+++ Recorded information +++

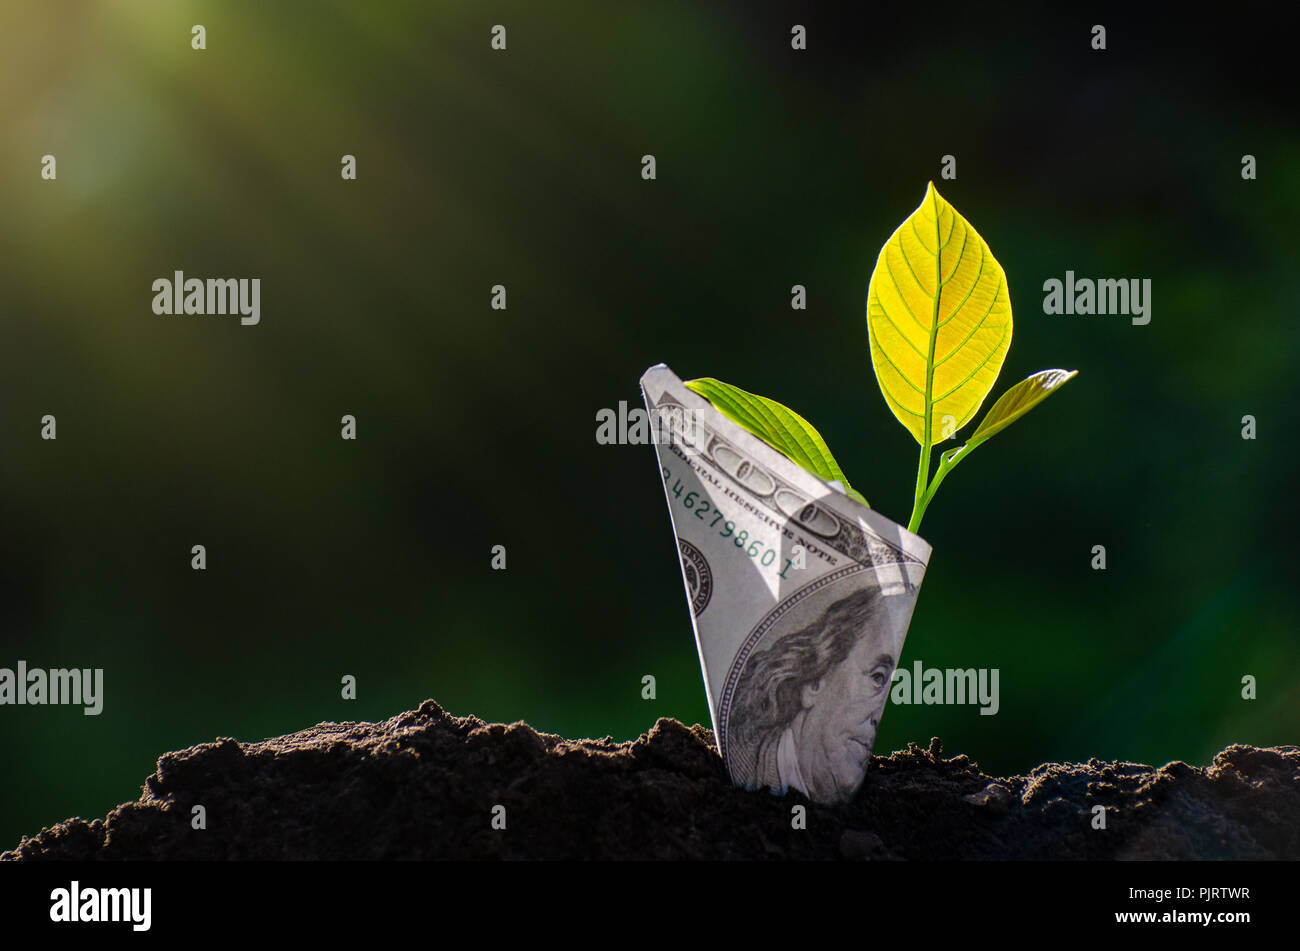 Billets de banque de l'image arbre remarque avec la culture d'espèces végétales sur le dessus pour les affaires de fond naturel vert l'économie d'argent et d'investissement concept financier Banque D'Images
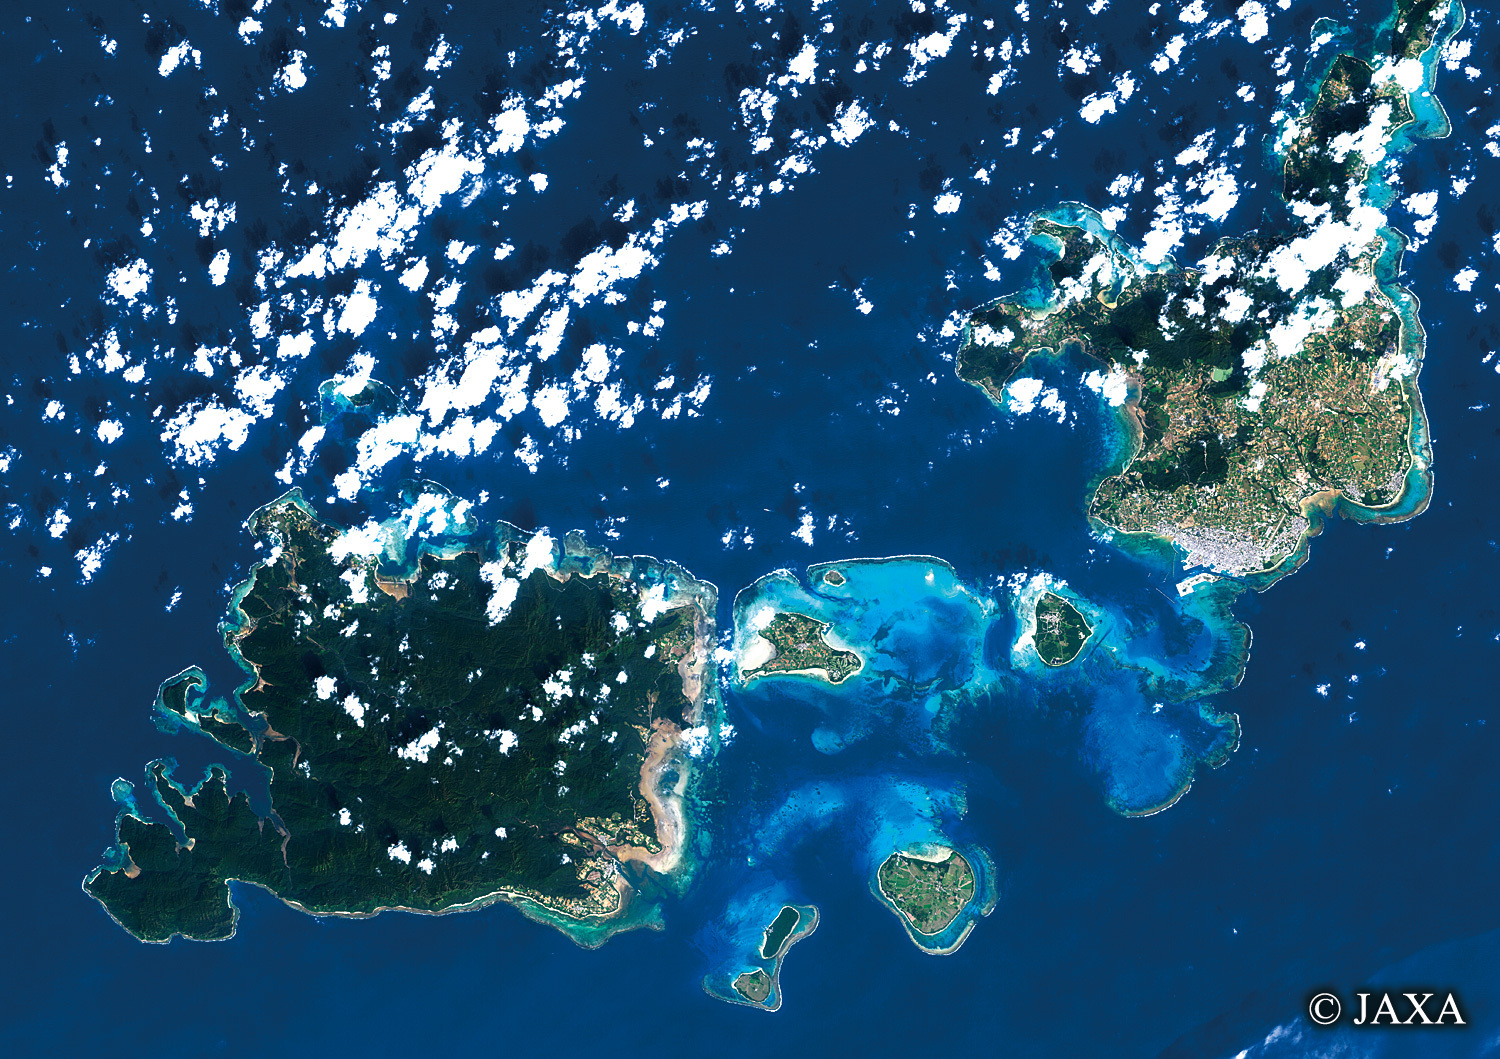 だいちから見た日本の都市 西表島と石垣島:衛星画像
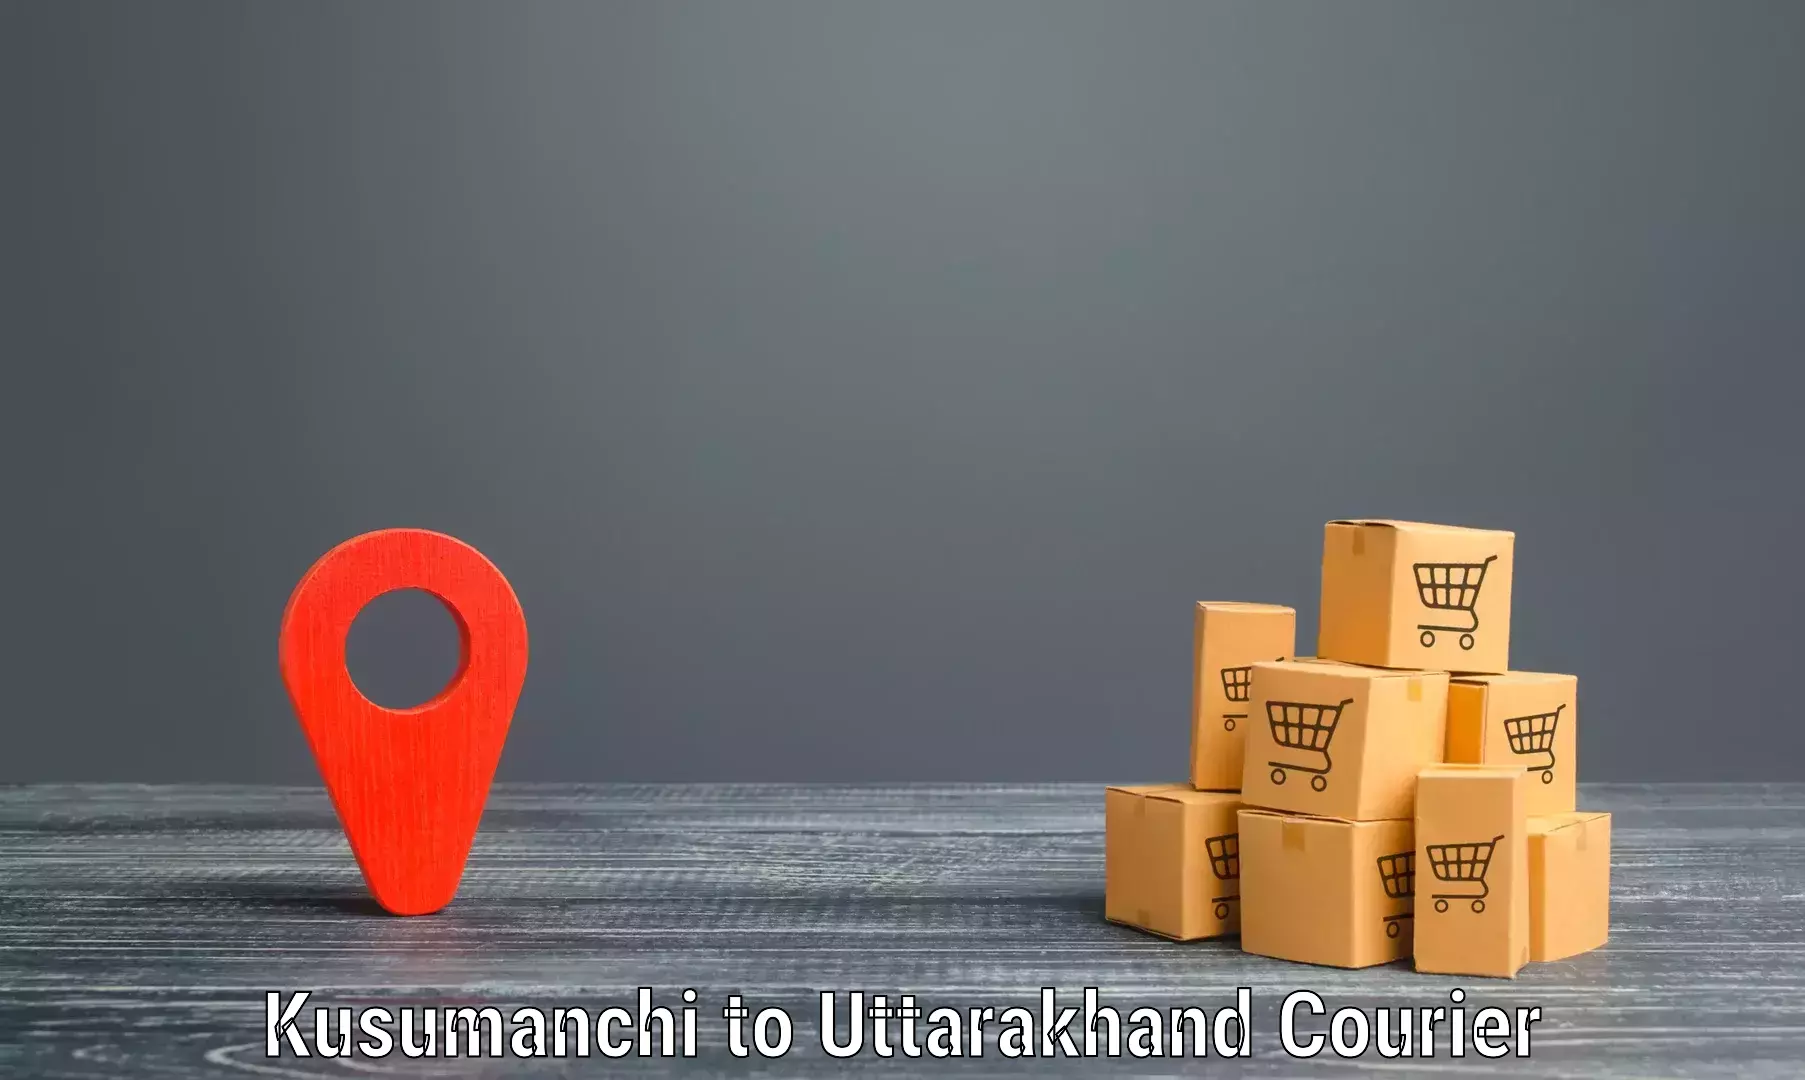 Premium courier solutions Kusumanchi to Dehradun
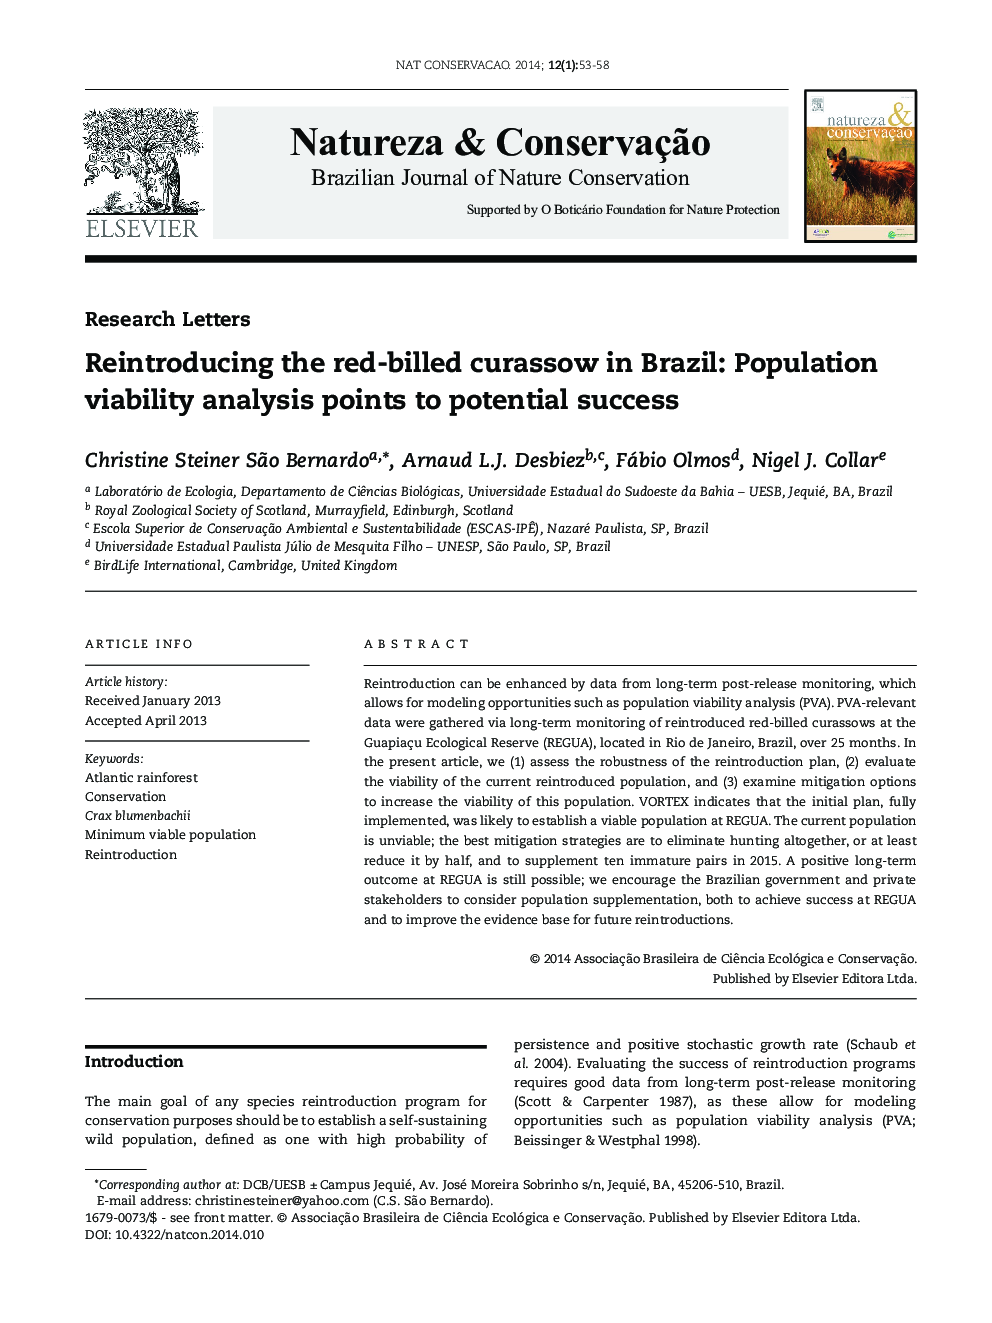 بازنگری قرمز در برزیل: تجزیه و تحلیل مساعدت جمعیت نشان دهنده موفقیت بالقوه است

+++

Action item:
For this exercise, output only the lines from the one bearing "Premium courier solutions" to the end of the material above, exactly as written, with pictures left out.

Response box:
 Premium courier solutions Kusumanchi to Dehradun
 بازنگری قرمز در برزیل: تجزیه و تحلیل مساعدت جمعیت نشان دهنده موفقیت بالقوه است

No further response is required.